It’s been four years since we sold our last remaining vehicle.
We did it primarily for environmental reasons. I know, I know, making choices based on morality is boring and irrelevant these days. Convenience and “luxury living” are kings. Regardless of the trend, we felt deep concern about the unfolding environmental crises, and we were willing to make changes to our lifestyle to reduce our share of the damage. And let’s get real, the single most destructive thing that humans do is buy, drive, and maintain private vehicles.
So we got real. We sold the old van and waited for the impending doom that must certainly accompany our decision. We have been amazed at the results.
Four years on, we are thrilled with our decision to break the shackles of car prison.

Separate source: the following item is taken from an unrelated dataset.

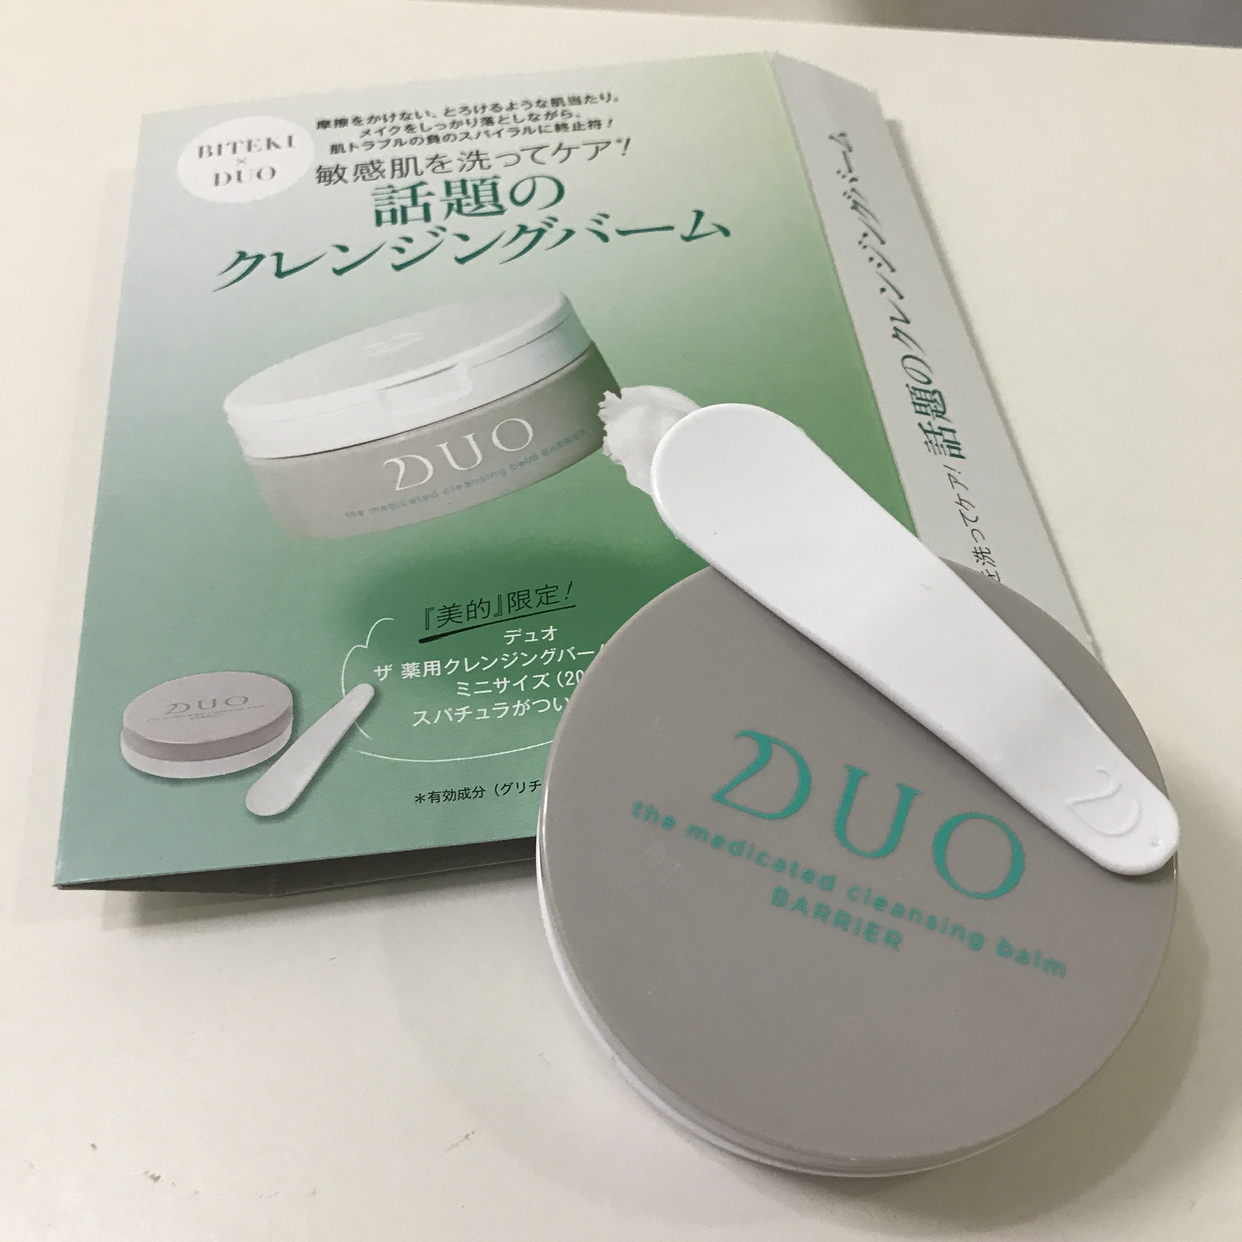 DUO(デュオ) ザ 薬用クレンジングバーム バリアを使ったEtsukoさんのクチコミ画像1
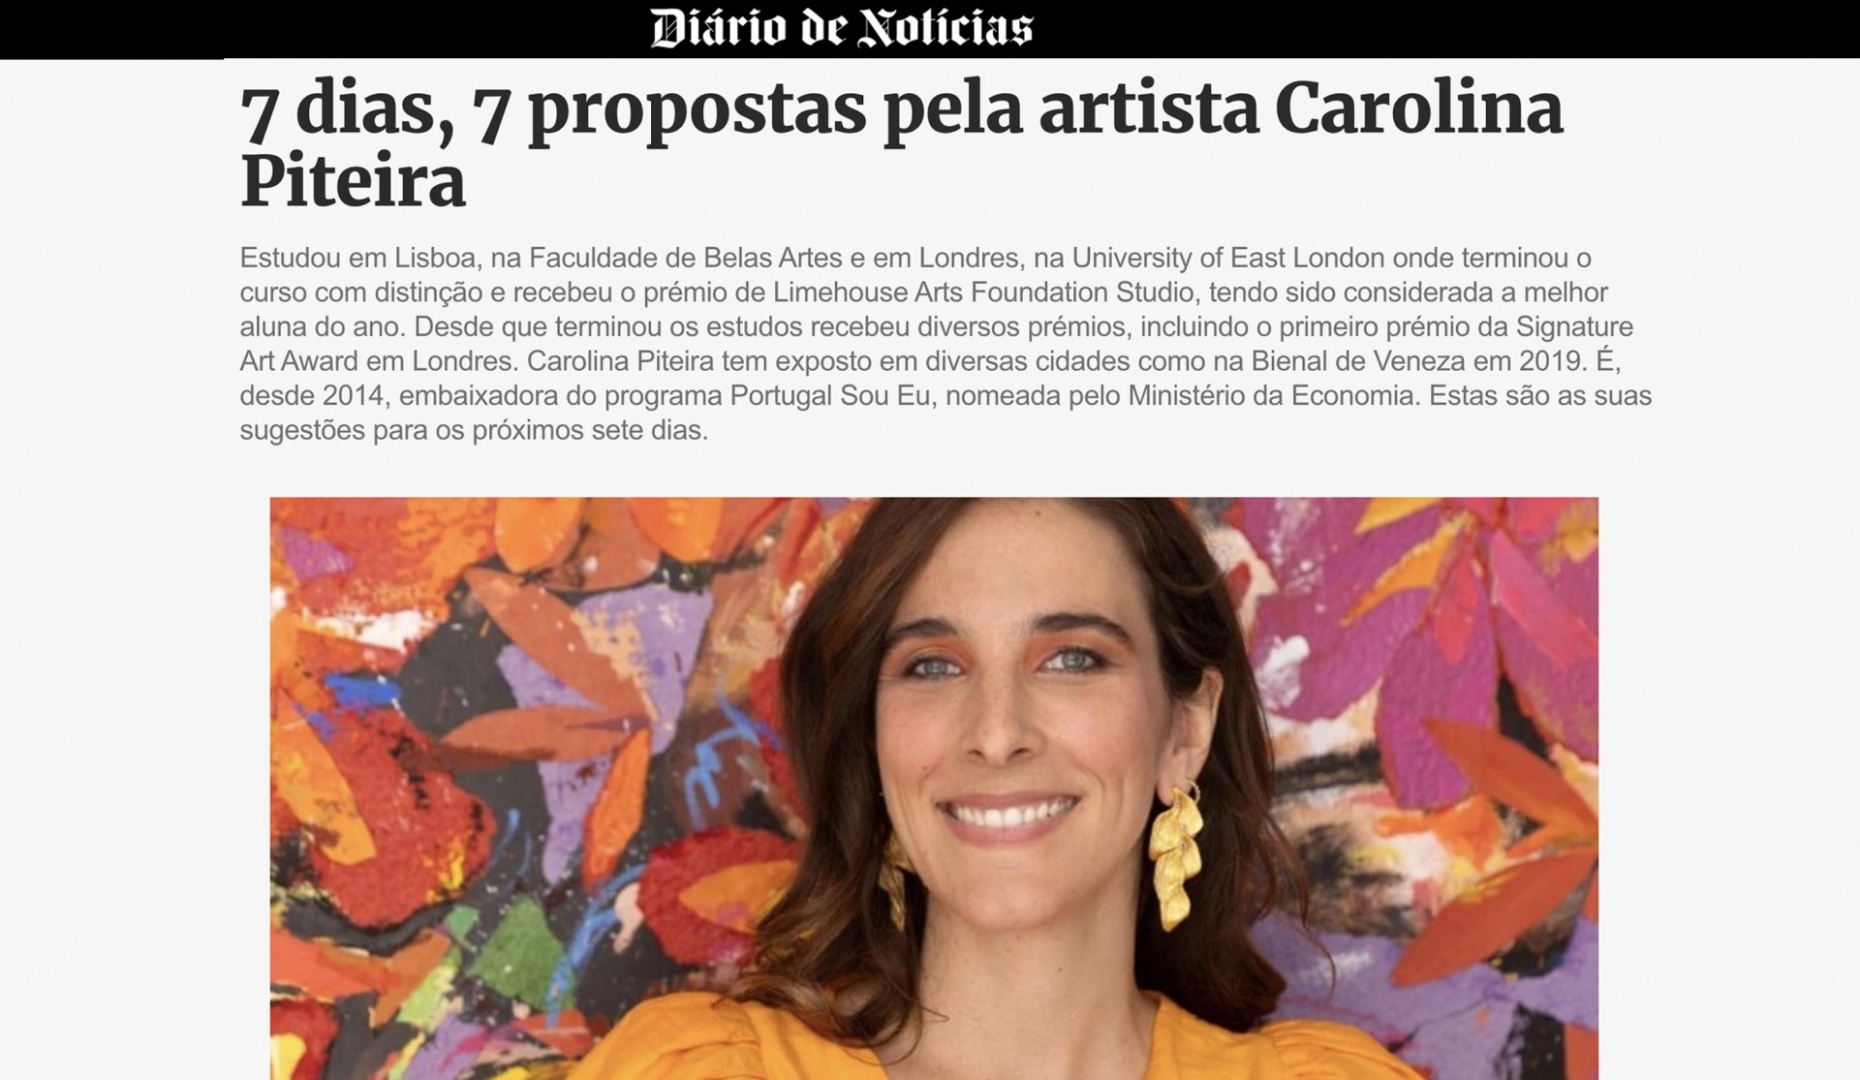 Carolina Piteira Press Diário de Notícias - 7 dias, 7 propostas pela artista Carolina Piteira (1)

My car-free friend Wendy Allsop, a big inspiration for our decision, said it well in this Edmonton Journal article:
“There is this image of these overburdened granola-eaters making all these difficult choices that make their lives so much work. That’s not a correct view. It’s much more freeing and lighter than people could ever imagine….There are so many things we do because it’s available to us and, as humans, we’re not good at putting restrictions on our own activities. Not having a car is one way of having an extra boundary put on your lives that makes you live better.”
She’s talking about limits, of course. Throughout the industrial revolution we have strived to break through more and more of the limits that energy constraints imposed on us. Now we are experiencing the downsides of having so few limits. The physical and monetary downsides are obvious, but the lifestyle ones are tougher to pin down.
The “limit” of not having a car makes our lives better in these ways:
- 90% fewer minutes sitting at traffic lights and in traffic. Less dead time.
- A slower life. This one is huge. It’s super-easy to say no to that event or activity halfway across the city that might be 4% better than the one three blocks from our house.
- No more “what’s that sound” sinking feeling. You know, the one where your car is trying to tell you that it’s time to open your wallet again.
- No more car accidents. We’ve all been in one right? Did it make your day better? More convenient? Did you get where you were going really fast?
- More bike time. We love to ride our bikes. You used to when you were 11. What happened?
- More time of all sorts. If you convert your time to money, and consider that it costs roughly $7000/year to run a car, we save a huge amount of time by not having one.
Our life is better without a car than with one.